I’ve made a call at that time to help to spread the information. Would be nice, if any of you could spread this reminder to your fellows.
Cause I can decide by a redirection, which gpu you have 🙂

The new location for 12.1 was setup as following :
For HD2xxx-HD4xxxx legacy :http://geeko.ioda.net/mirror/amd-fglrx-legacy/openSUSE_12.1/

For HD5xxx or above : http://geeko.ioda.net/mirror/amd-fglrx/openSUSE_12.1/

AMD FGLRX ymp (One Click install) and stable repository

November 28th, 2013 by

A Quick notice

Due to some requests, I’ve finally decide to do something I wouldn’t have.

The stable repository of FGLRX for openSUSE 13.1 and Tumbleweed have been linked to the FGLRX-BETA repository, the time we got a stable functional FGLRX driver which should happen in December

I’ve also updated the ymp file, so people trying the one-click-install will be deserve correctly with the new openSUSE version

Thanks to any feedback, good or bad to improve the situation.

Yippee Yeah Another Proprietary AMD/ATI Catalyst fglrx 13.11 BETA v9.4 (13.25.18-2) rpm are released for any openSUSE version

November 23rd, 2013 by

Yippee Yeah Another Proprietary AMD/ATI Catalyst fglrx 13.11 BETA v9.4 (13.25.18-2) rpm are released for any openSUSE version

amd logo

Welcome in paradise II … 🙂

A fresh new version of the FGLRX driver has been released by AMD, and thus packaged and available for all of you.

Next month, AMD promise to release a stable version.

Notice

This release concern only owners of radeon HD5xxx or above. All owner of HD2xx and HD4xx are really encouraged to use the free radeon driver (which received a lot of improvement in 3.11)

There’s 13 and thirteen 🙂 When I speak about 13.1 it’s openSUSE version, 13.11 is FGLRX version, don’t get confused! Oh and 3.11 is the kernel version 🙂

This is experimental & BETA software, it could fix issues you encountered (FGLRX not working for openSUSE 13.1),
But good reports have been collected around (people having used Sebastian’s script directly)

I would like to thanks again Sebastian Siebert for his effort to kept FGLRX in a good shape for all of us.

Beta Repository

To make things clear about the status of the drivers, it will not be published under the normal stable repository http://geeko.ioda.net/mirror/amd-fglrx.
I’ve created some times ago a beta repository located at http://geeko.ioda.net/mirror/amd-fglrx-beta.
The FGLRX 13.11 beta6 and beta 9.4 rpm are released for any openSUSE version from 11.4(Evergreen) to latest 13.1 + Tumbleweed

Also the signer of package have change and use now the generic builder gpg key at Ioda-Net. (gpg key id 65BE584C)

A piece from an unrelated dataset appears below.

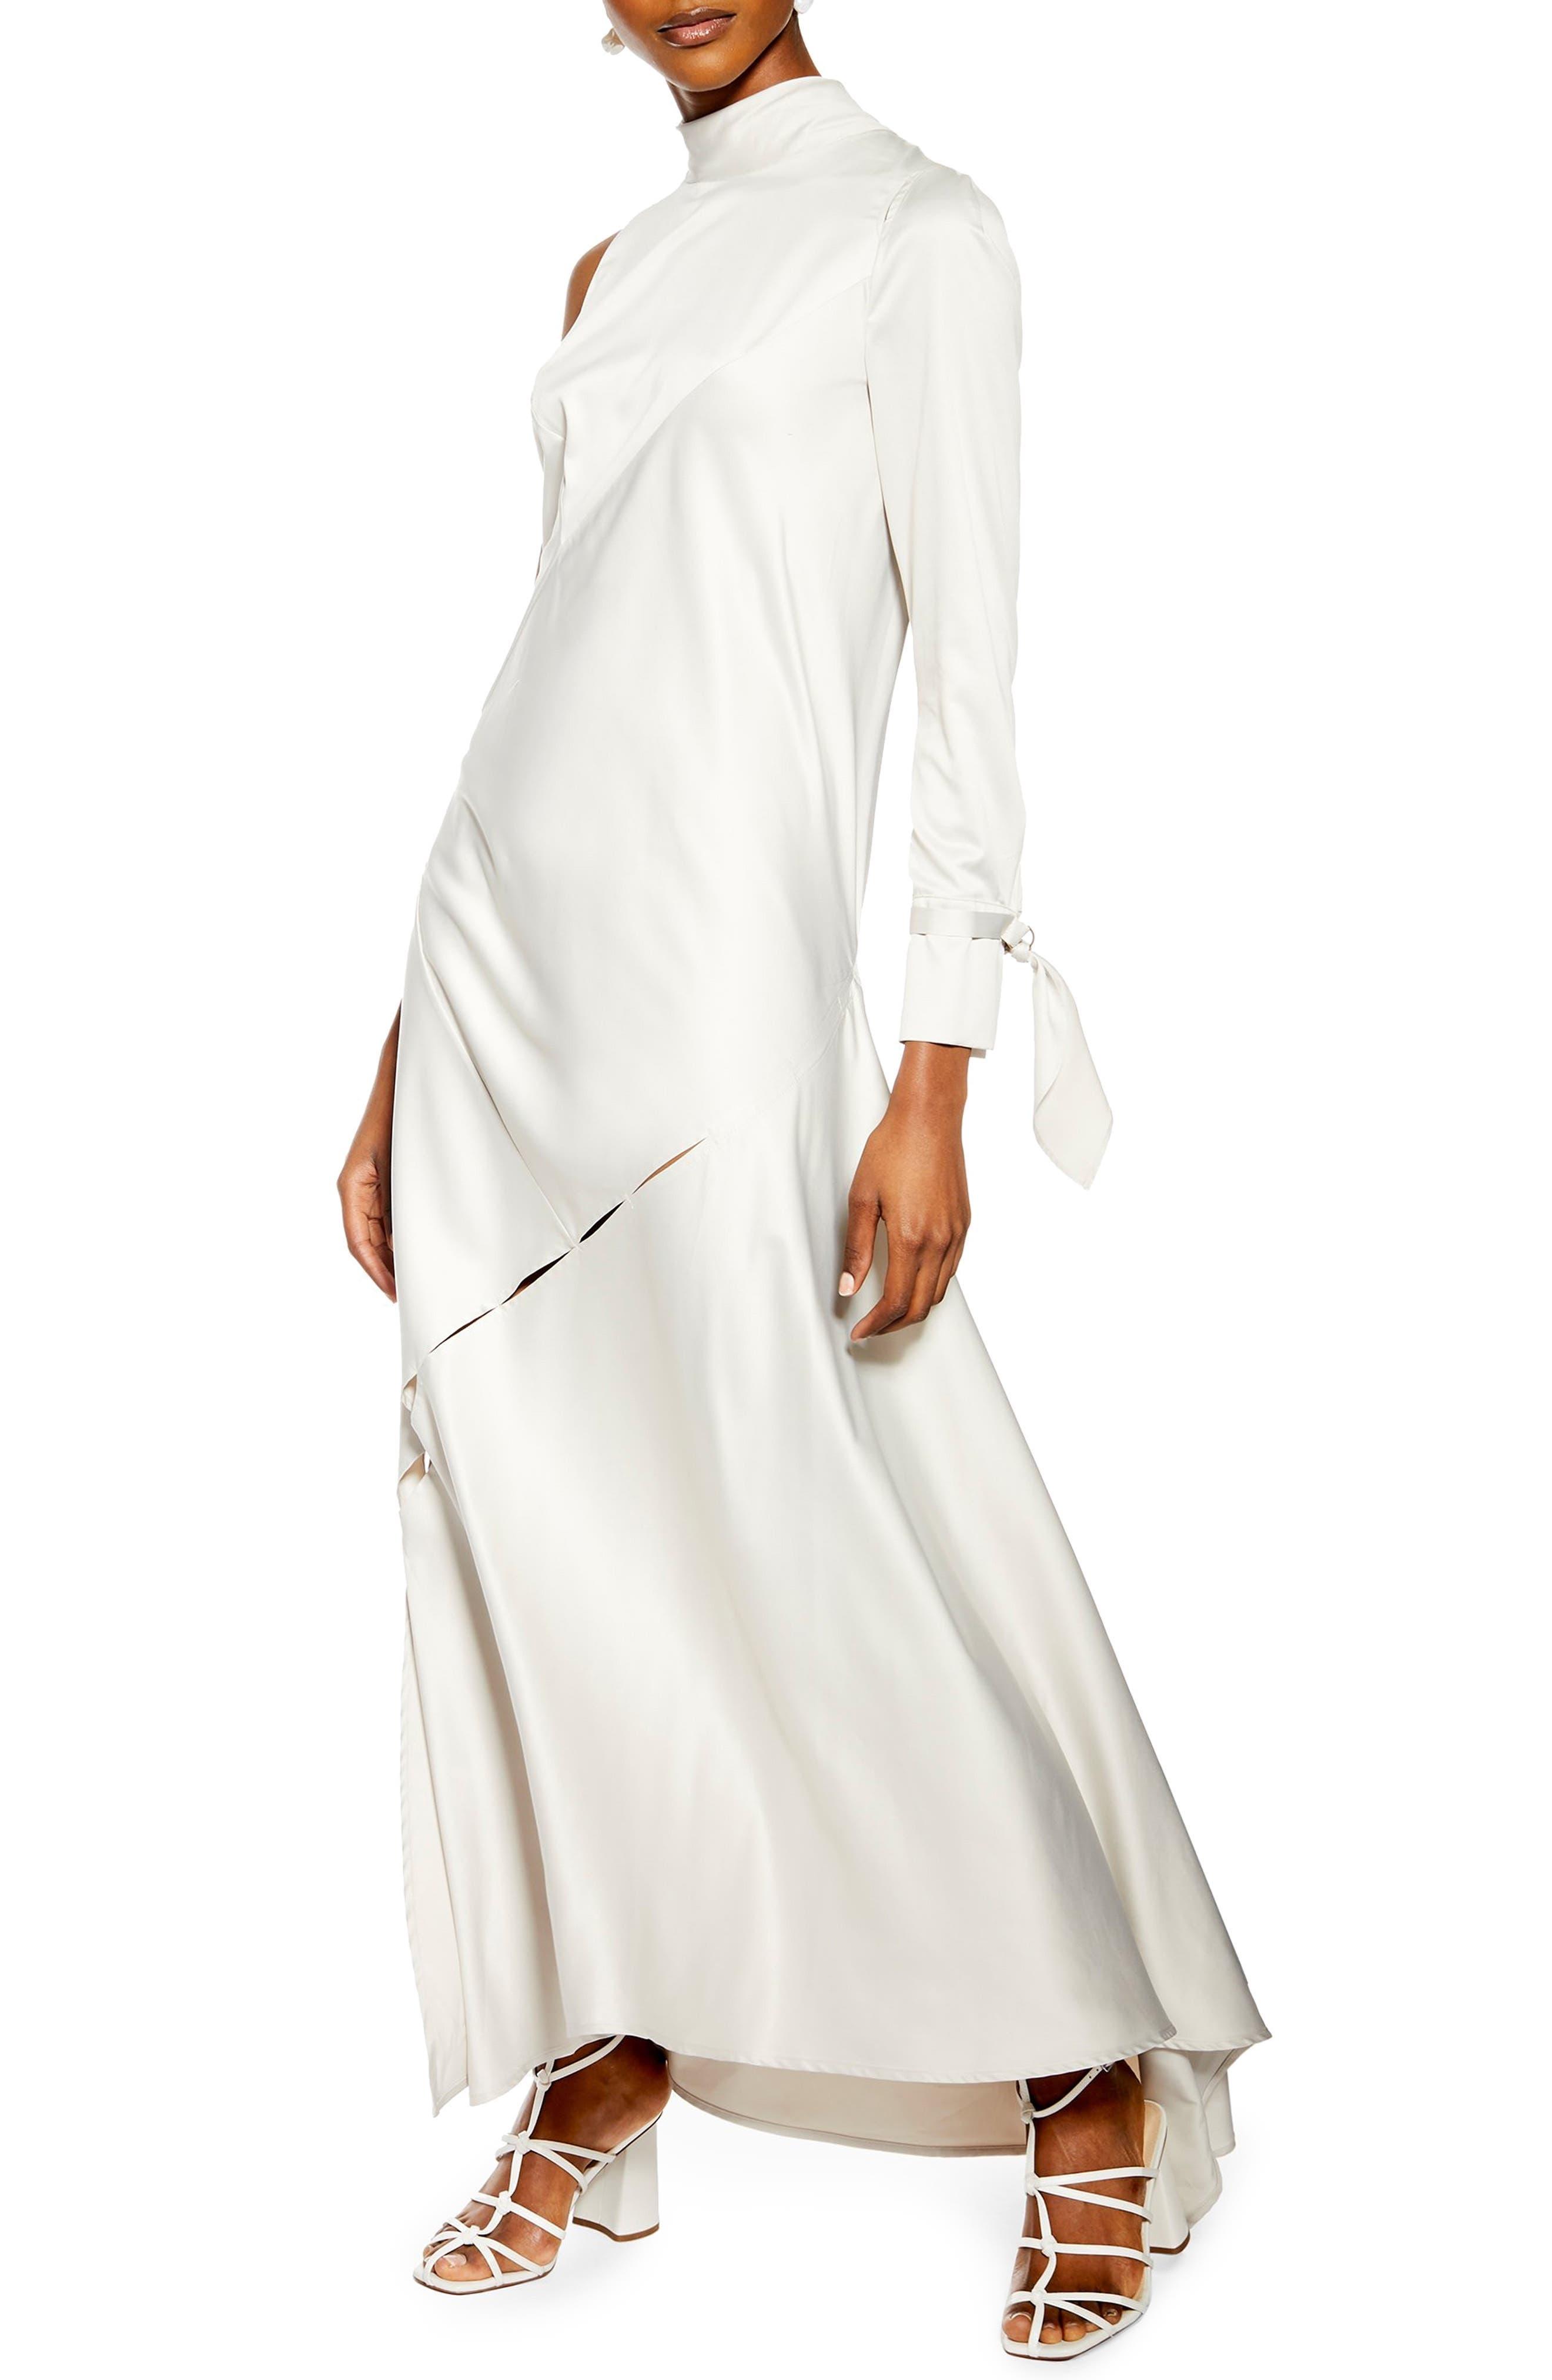 Topshop One-Sleeve Maxi Dress, US (fits like 6-8) - Grey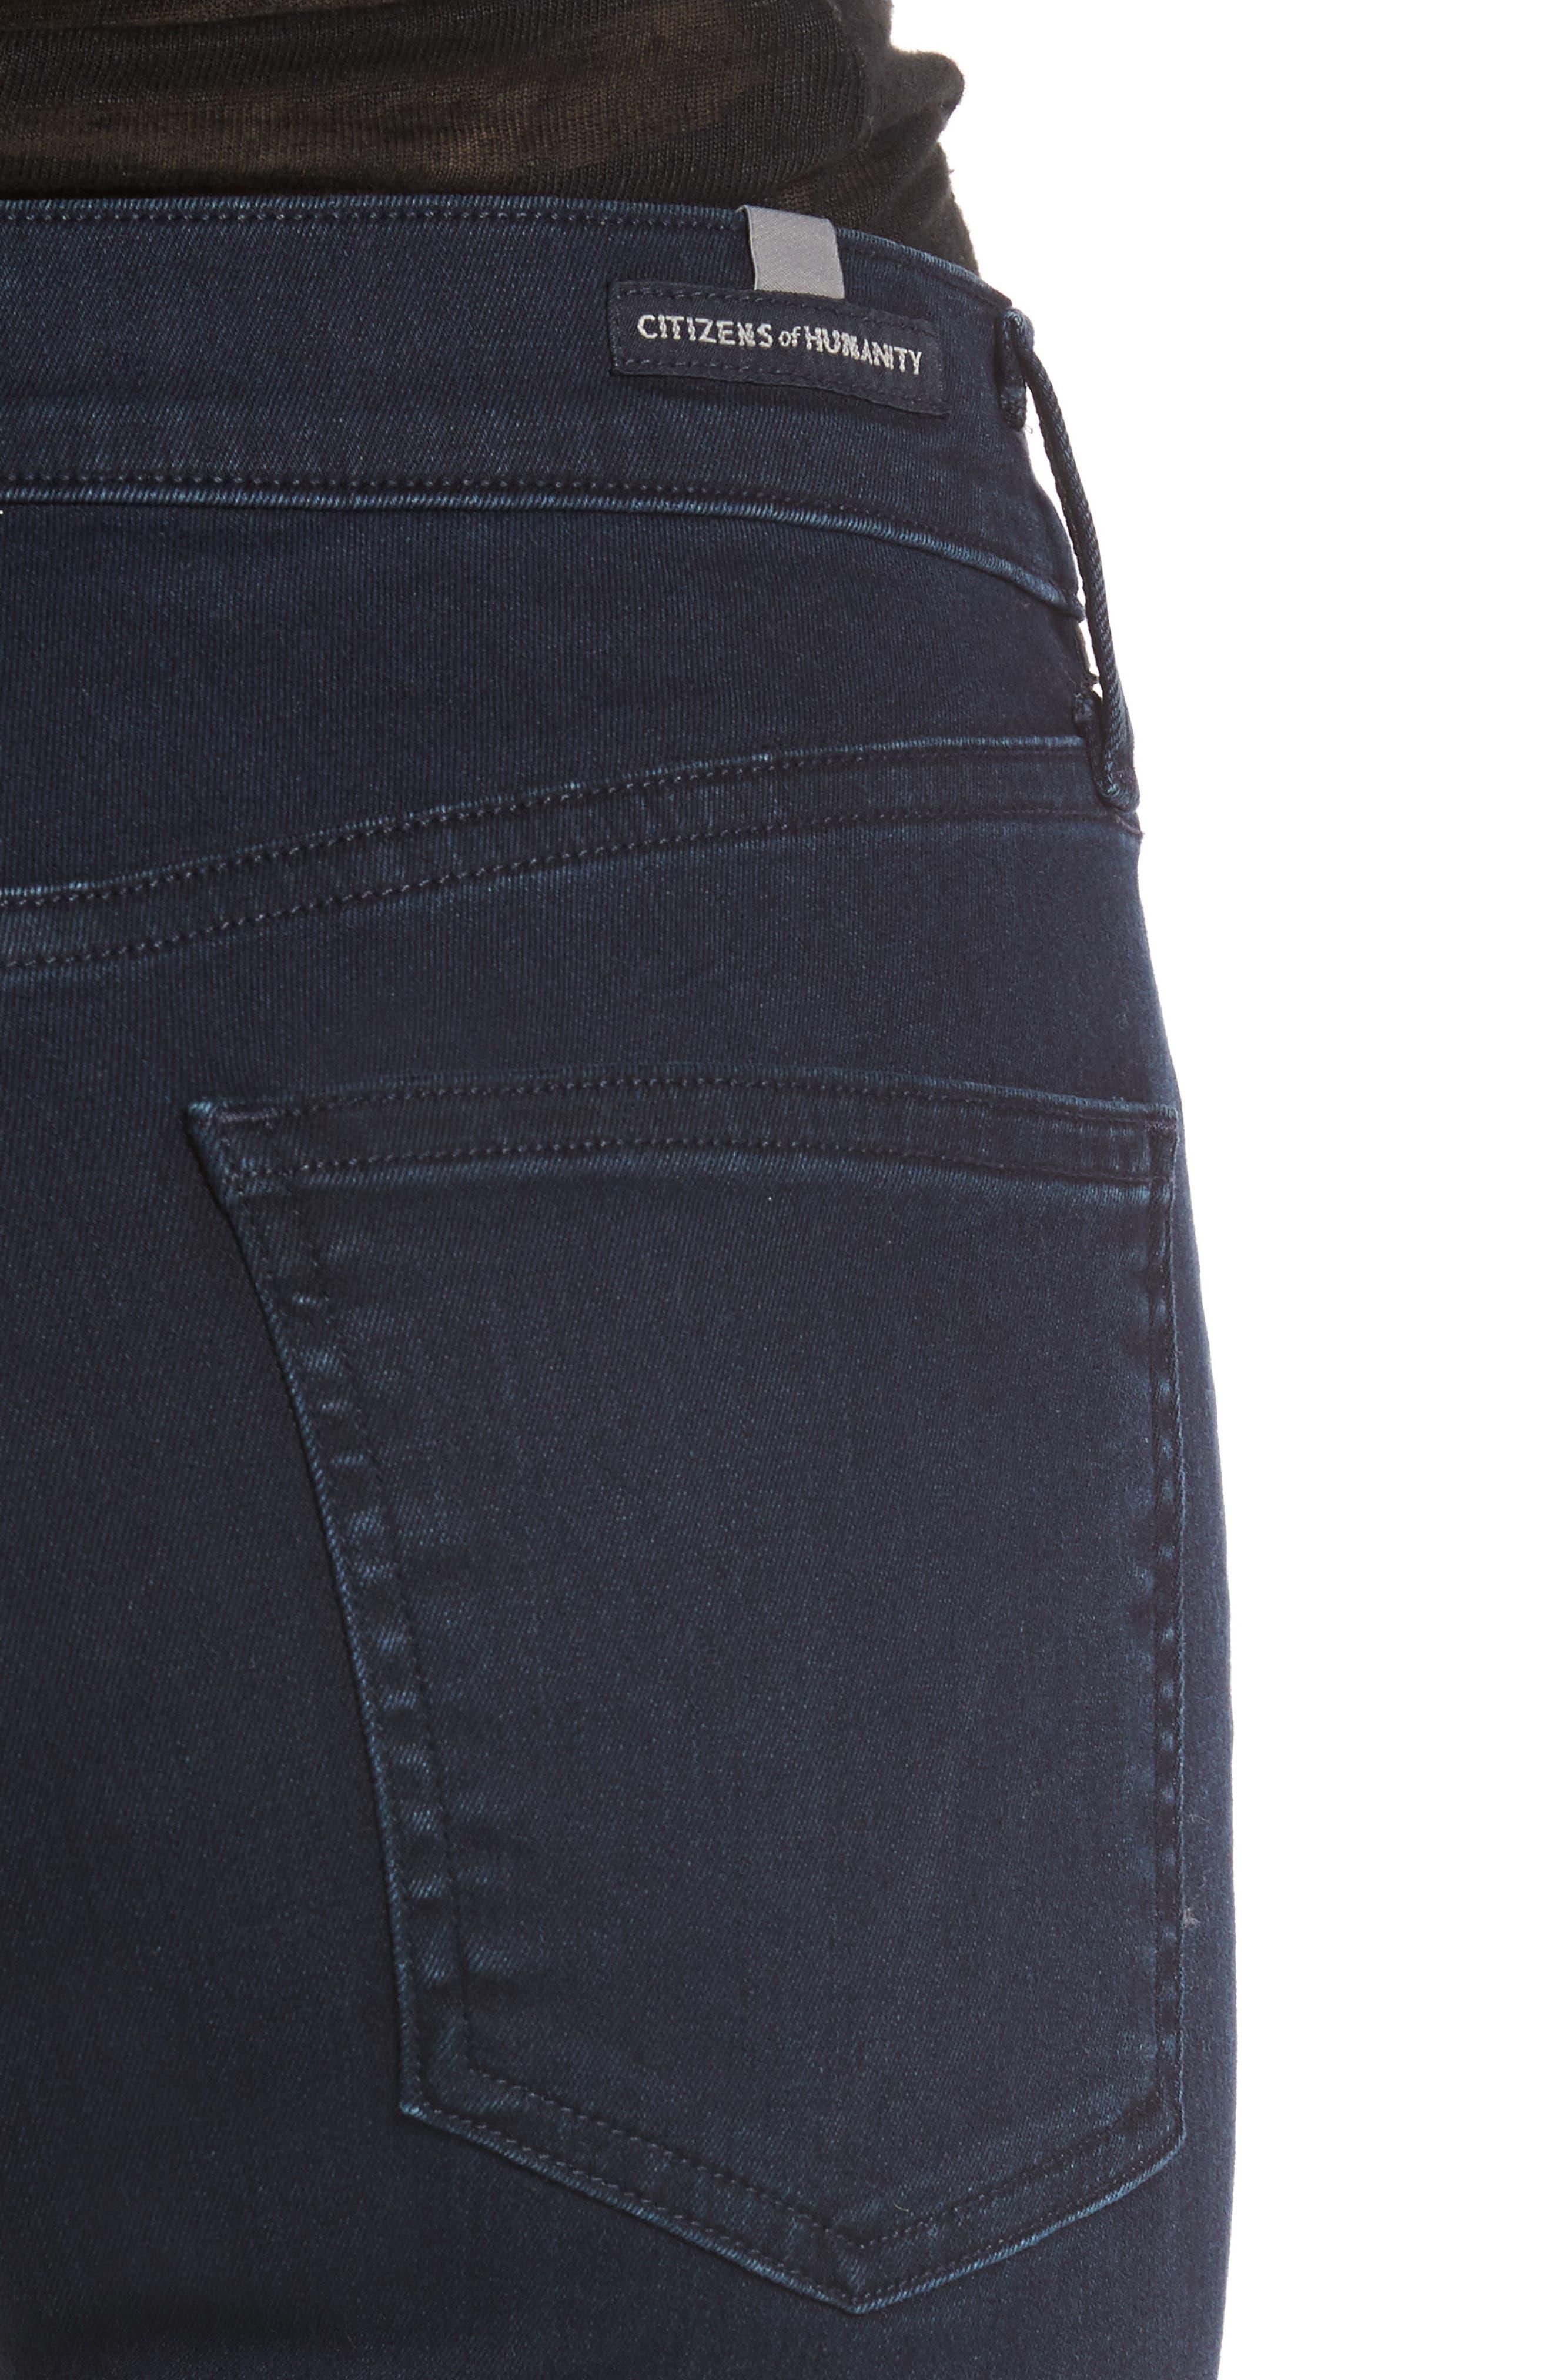 Rocket High Waist Skinny Jeans,                             Alternate thumbnail 4, color,                             Ozone Ink

Installing the new repository

Admitting you’ve the normal repository named FGLRX, (use zypper lr -d to find the number or name you give it). You have to start by disabling it
so you could fallback to it quickly when new stable version will be published. Open a root console or add sudo at your convenience and issue the following command:

zypper mr -dR FGLRX

amd-fglrx-beta

To add another repository in the same console as root issue the following command which will install normally the right repository for your distribution

zypper ar -n FGLRX-BETA -cgf http://geeko.ioda.net/mirror/amd-fglrx-beta/openSUSE_`lsb-release -r | awk '{print $2}'` FGLRX-BETA

If you are using Tumbleweed use this one

zypper ar -n FGLRX-BETA -cgf http://geeko.ioda.net/mirror/amd-fglrx-beta/openSUSE_Tumbleweed FGLRX-BETA

Now the update/upgrade process

zypper dup -r FGLRX-BETA

Let the system upgrade the package, and try to enjoy the new beta.